What bow is that he's shooting? Looks pretty cool.


----------



## Vinny_HC (Dec 9, 2009)

Sandsquid,

I know when you are sighting you chase your arrows with your sight (i.e. shooting right, move sight to right to bring arrow to the left),

But in the example you provided for moving the rest, the first scenerio your arrows are slowly drifting to the right as you move back \
I guess there are two ways of looking at it, the 10 and 20 yard shots are shooting left or the 30 and 40 yard shots are shooting right.

In the case of a rest, if you were shooting to the right wouldn't you move your rest to the left unlike how a sight works?

P.S. I hold my bow only by my undex and thumb. How do you recommend I hold it? I have tried open hand but I find I torque my bow when I try to catch it.

P.S.S. the picture shows a 2009 High Country Speed Pro


----------



## SandSquid (Sep 2, 2008)

Vinny_HC said:


> In the case of a rest, if you were shooting to the right wouldn't you move your rest to the left unlike how a sight works?


Depends upon which shooting hand. Truth be told, I'm dyslexic so I forget easily so I usually just pick a direction and move your arrow rest and repeat the process. If the pattern gets straighter cool, keep adjusting in that direction. If the pattern gets more out of whack, then adjust in the other direction.



Soon as my new rests get here, I'll post a thorough tutorial/pictorial.. I promise!




> I have tried open hand but I find I torque my bow when I try to catch it.



Don't hold it at all. Let the bow "fall", that's what your sling is for.


----------



## J-Daddy (Aug 7, 2003)

Vinny_HC said:


> Me shooting in my back yard with my new RipCord last night.


As far as your grip goes...Your hand is very tense in that picture, your forcing your hand to keep your fingers open & outstretched so that makes it tense...You want a relaxed bow hand, alot of people think an open hand helps avoid torque but that's not true because you have to force your hand open when pressure "the bow grip @ full draw" is applied to it.

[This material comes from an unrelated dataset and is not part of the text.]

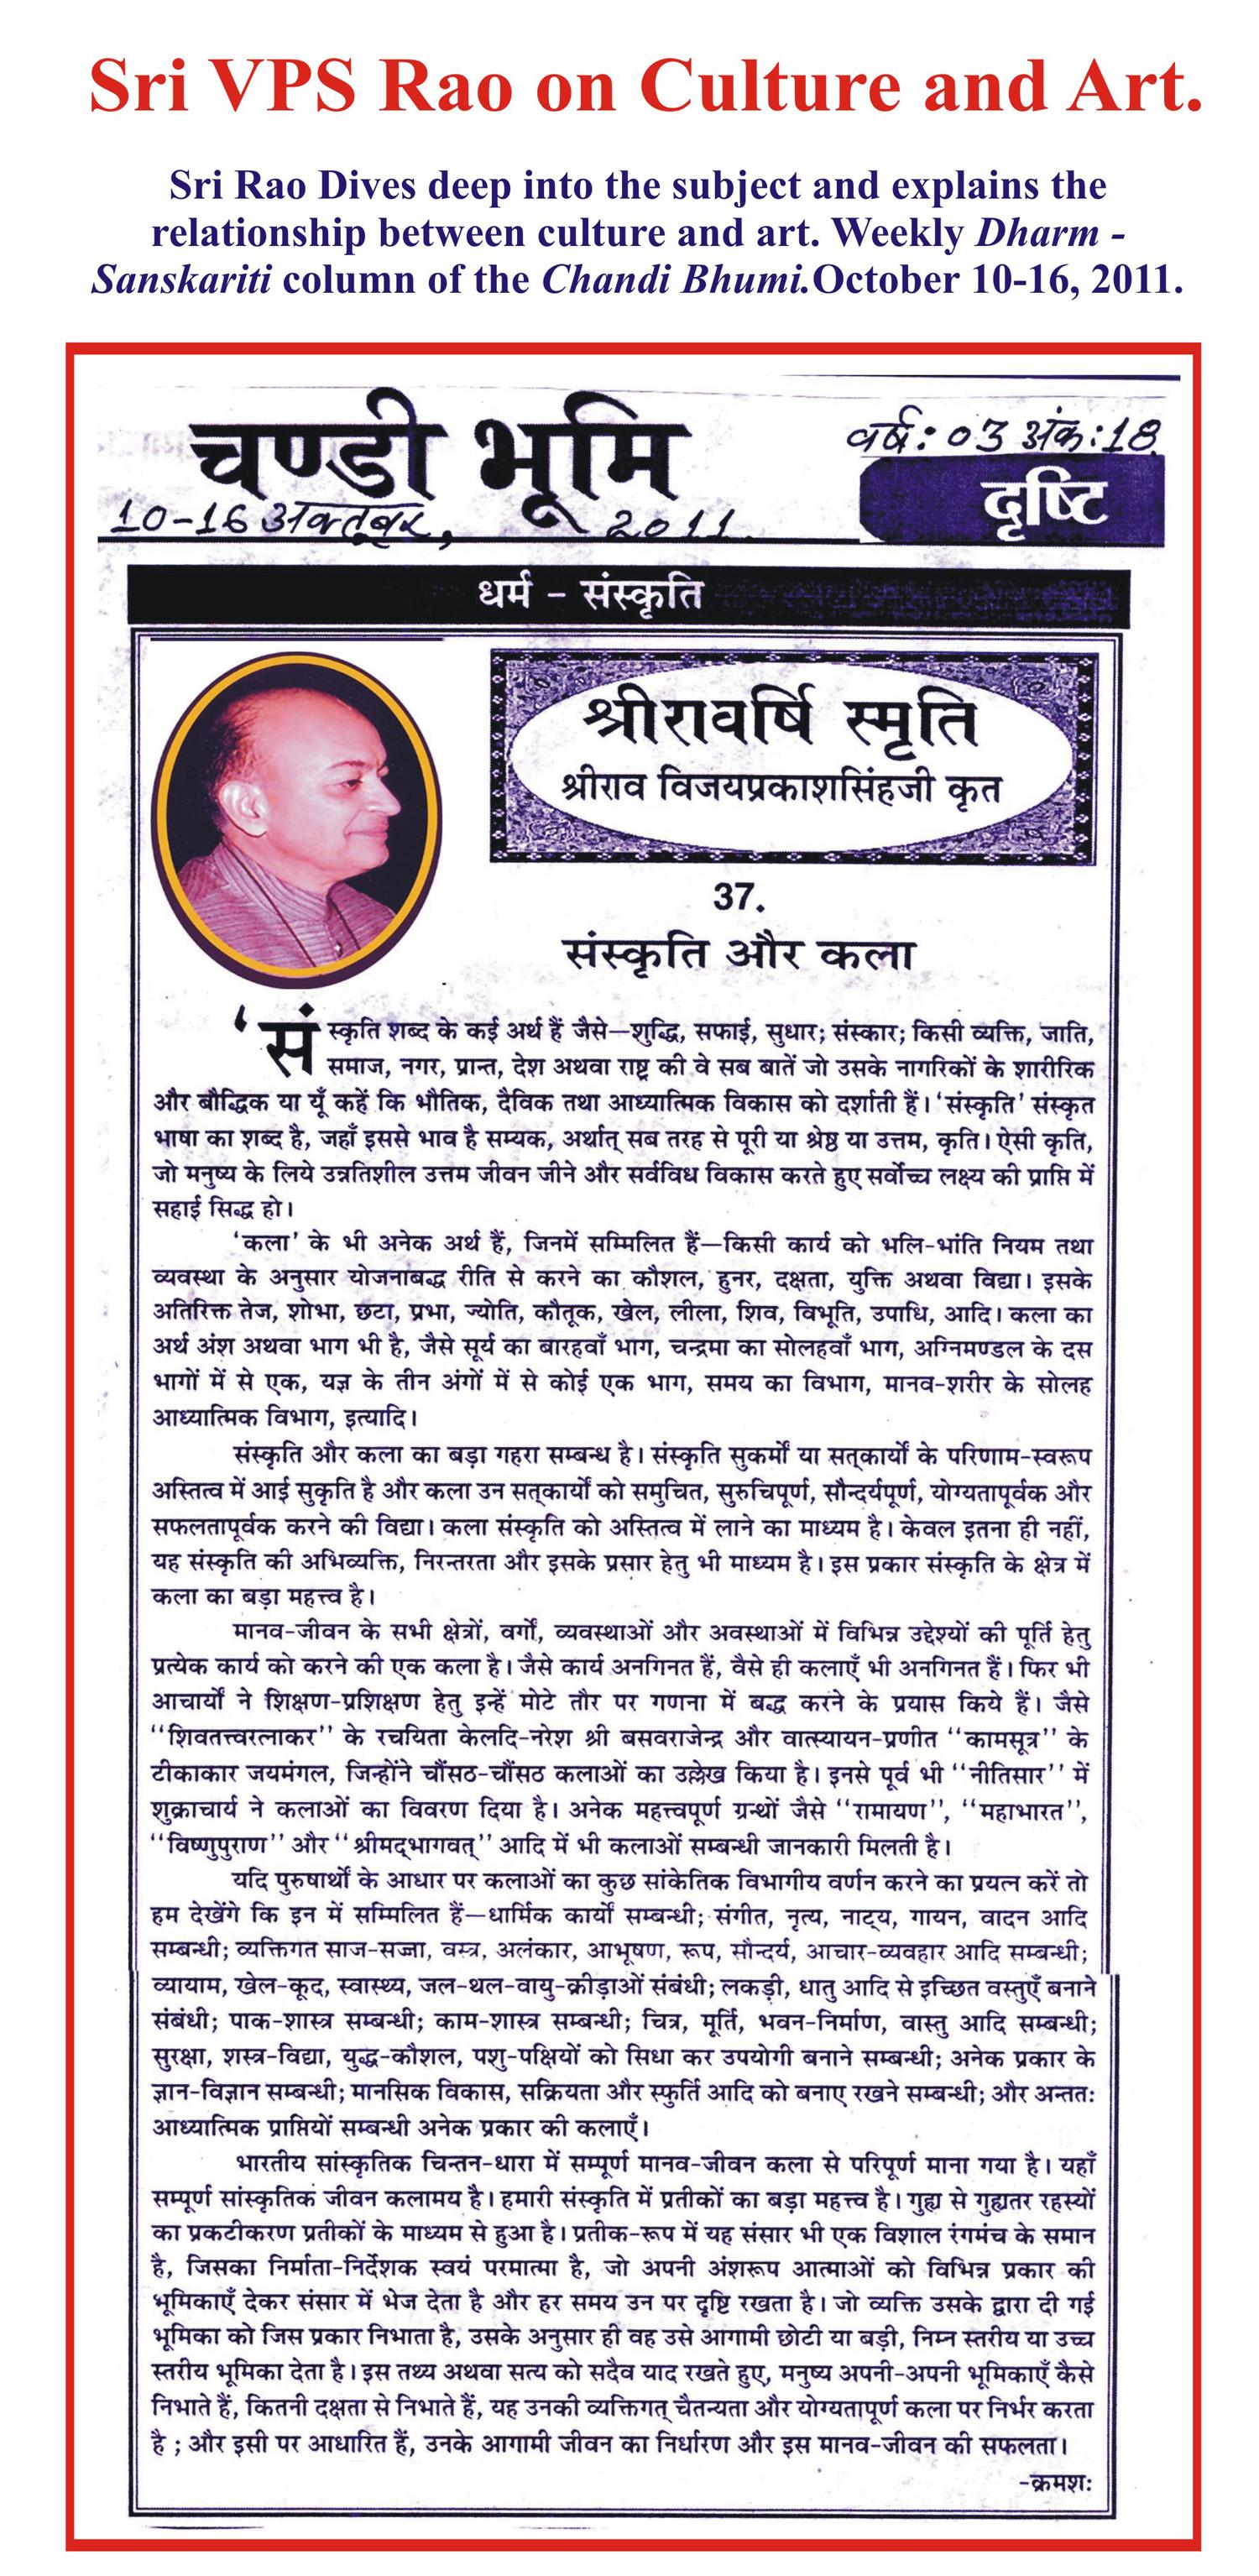 Sri VPS Rao on Culture and Arta

The best grip is a relaxed grip with your knuckles @ a 45degree angle. I only wrap my index & middle "bird" finger around the grip and my ring finger & pinkie finger just kinda tuck into my palm but they are all relaxed and nothing is tense. Hope that makes a little sense.


----------



## SPIKER_67 (Nov 7, 2007)

sneak1413 said:


> That combined with the fact that deer cannot see red.


Turkey can.:flock:


----------



## Vinny_HC (Dec 9, 2009)

spiker_01 said:


> Turkey can.:flock:


Good point, but I don't have turkeys up here, they would freeze to death lol.


----------



## sneak1413 (Aug 15, 2007)

spiker_01 said:


> Turkey can.:flock:


If a turkey sees my red rest he is either free to walk or a dead bird. If he gets that close that a tiny bit of red on my launcher spooks him odds are i don't want to shoot him, should have shot him already, he is about to die, or he would bust me drawing if i even attempted with an all black or camo rest.


----------



## Vinny_HC (Dec 9, 2009)

Well if you look at my picture I have as much orange in my sight as I do red on my rest.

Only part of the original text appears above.